5.  The Tucknesses' pleadings refer to the plan's exclusion paragraph reading:The following exclusions and limitations apply to expenses incurred by all Covered Persons:* * *Charges for any services or supplies provided in connection with an occupational sickness or an injury sustained in the scope of and in the course of any employment whether or not benefits are or could be provided under Workers' Compensation.

6.  We refer to the immunity asserted by the County as governmental immunity. Houston Mun. Empl. Pension Sys. v. Ferrell, 248 S.W.3d 151, 154 n. 2 (Tex.2007) (governmental immunity protects counties).

7.  But cases involving such an “ultra vires ” act may yet implicate governmental immunity through the remedy sought. See City of El Paso v. Heinrich, 284 S.W.3d 366, 373-74 (Tex.2009). In City of Houston v. Williams, retired firefighters sought a declaration of rights under a statute concerning amounts deducted from payments they received on termination of employment. 216 S.W.3d 827, 828 (Tex.2007). In finding no waiver of immunity by the city, the court noted the only claimed injury occurred in the past and the only plausible remedy was money damages. Id. at 828-29. Thus, “retrospective monetary claims are generally barred by immunity” even though the suit seeks a declaration of rights under a statute. See Heinrich, 284 S.W.3d at 374.

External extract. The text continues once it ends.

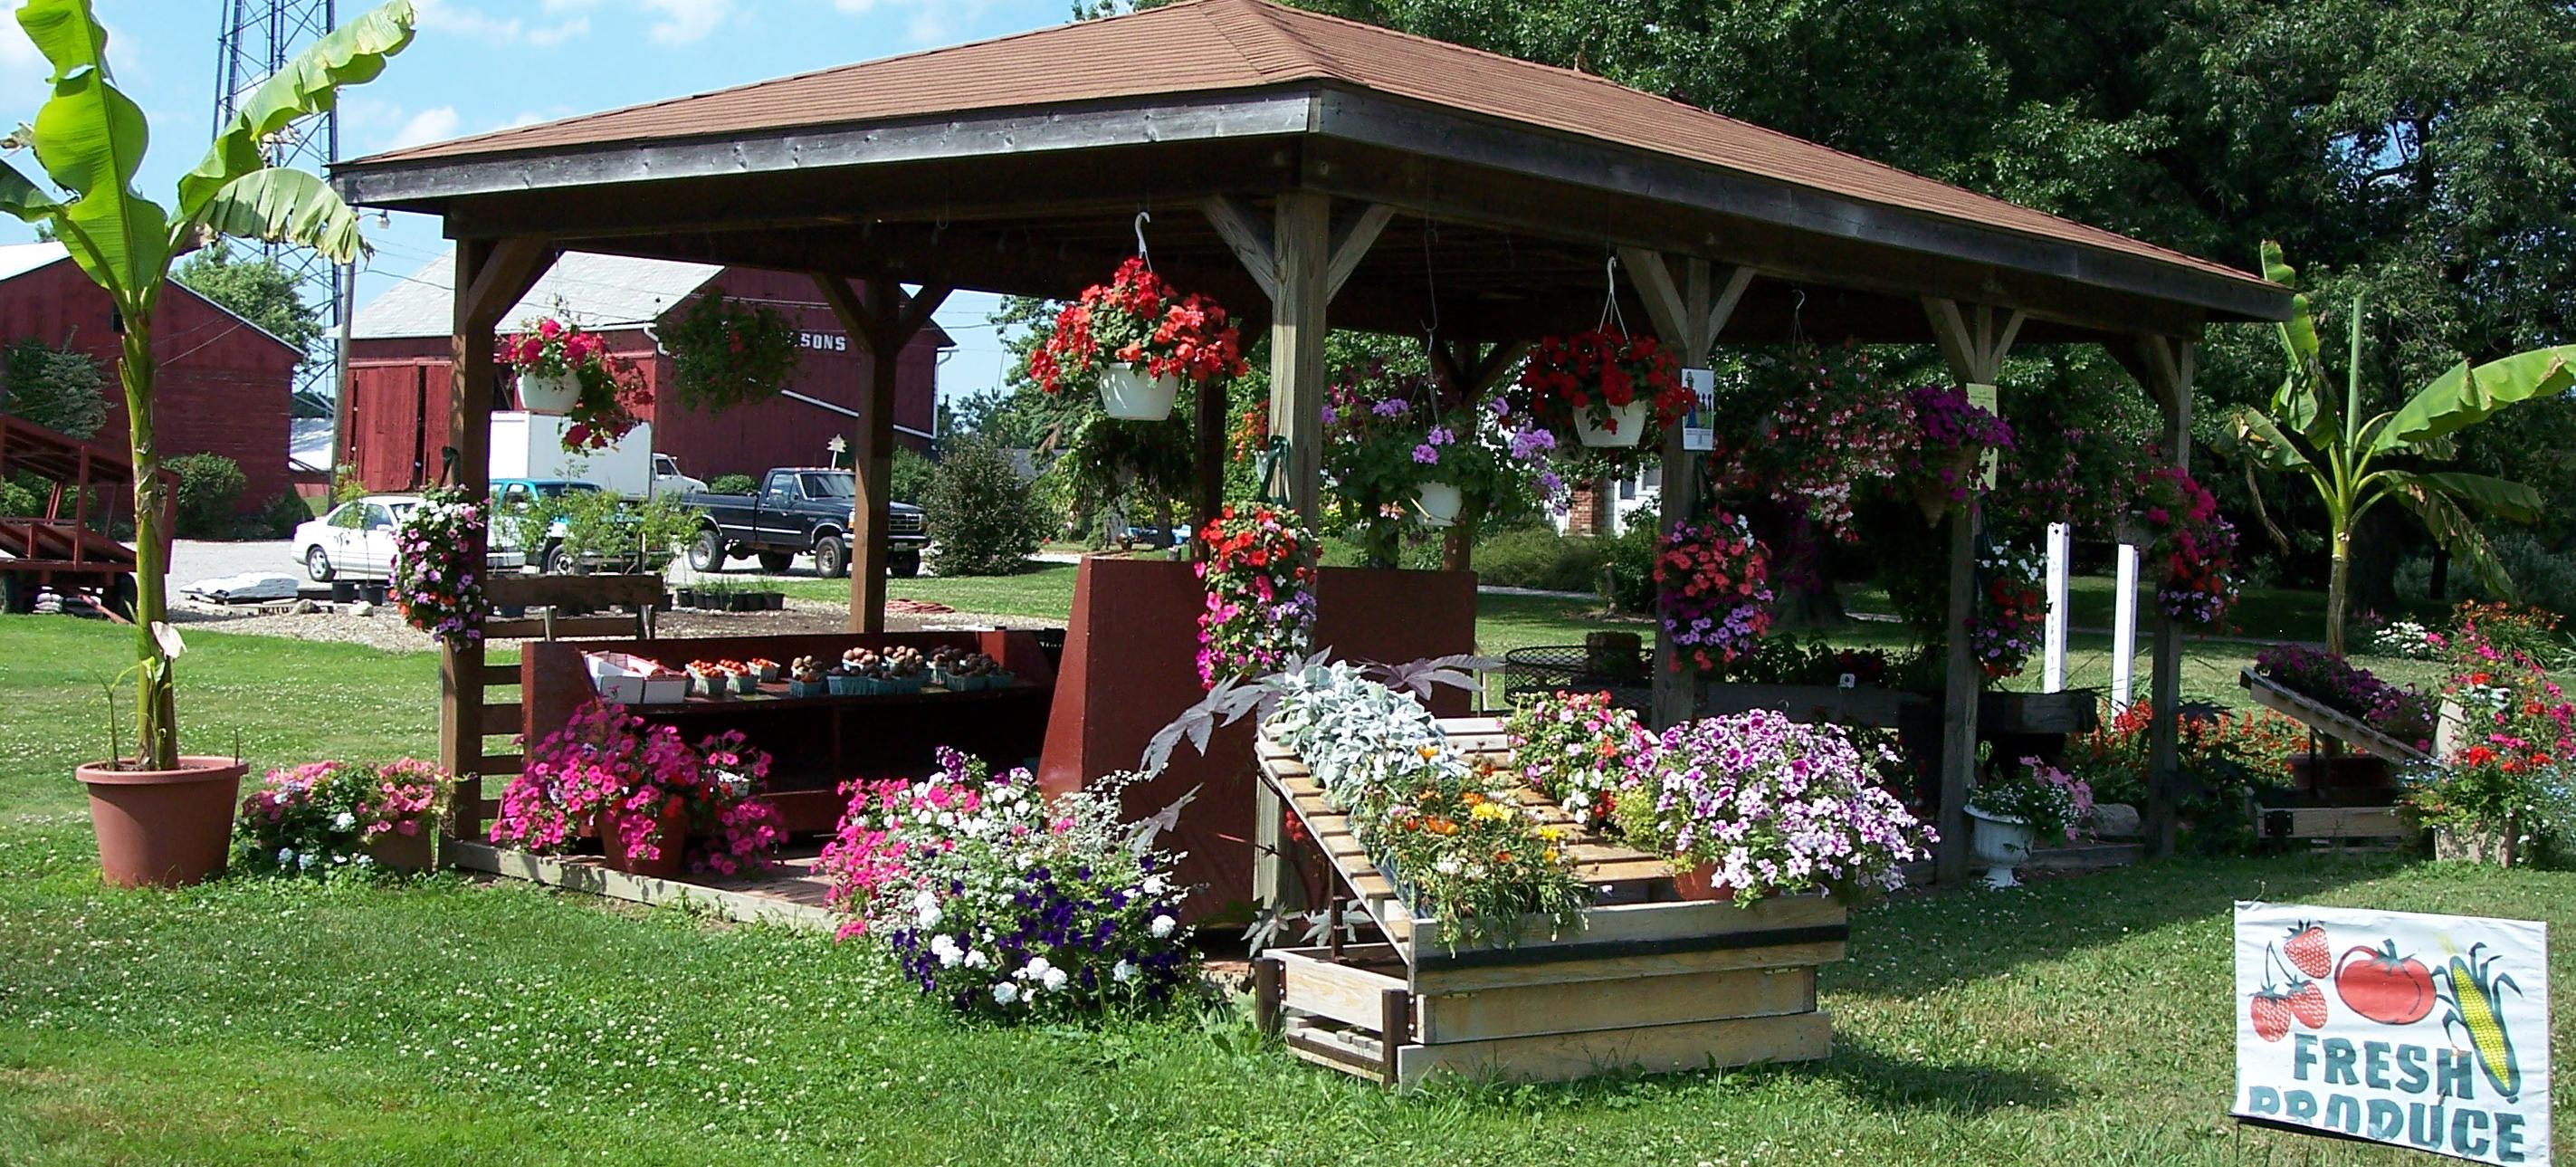 The greenhouse richardson - Richardson Farms Fruit Stand

8.  The court has held that, by filing suit, a governmental entity waives immunity from suit as to certain counterclaims. Reata, 197 S.W.3d at 376-77. It also has held that, by settling a claim for which it has waived immunity, a governmental entity waives immunity for a suit to enforce the settlement. Texas A & M University-Kingsville v. Lawson, 87 S.W.3d 518, 521 (Tex.2002) (plurality op.). Neither case has application here.

9.  The Austin Court of Appeals recently declined to adopt a waiver by conduct theory, citing the footnote in Federal Sign, 951 S.W.2d at 408 n. 1, to note that the supreme court “once hinted that it might recognize waiver by conduct in the context of a contract claim” but that “it has since declined to judicially adopt this doctrine in light of the legislature's creation of an administrative remedy for breach-of-contract claims” under chapter 2260 of the Government Code. Employees Retirement System of Texas v. Putnam, LLC, 294 S.W.3d 309, 327 (Tex.App.-Austin 2009, no pet.) (op. on rehg) (citing IT-Davy, 74 S.W.3d at 857). See also Tooke v. City of Mexia, 197 S.W.3d 325, 342 (Tex.2006), (listing recent years' legislative waivers of immunity from suit on contract claims, and referring to its “larger, more consistent legislative scheme for handling contract claims”).

10.  But see Texas Southern University v. State Street Bank & Trust Co., 212 S.W.3d 893 (Tex.App.-Houston [1st Dist.] 2007, pet. denied) (op. on reh'g) (affirming trial court's denial of plea to jurisdiction based on “extraordinary factual circumstances” set forth in pleadings and university's conduct that “lured” plaintiff into contract).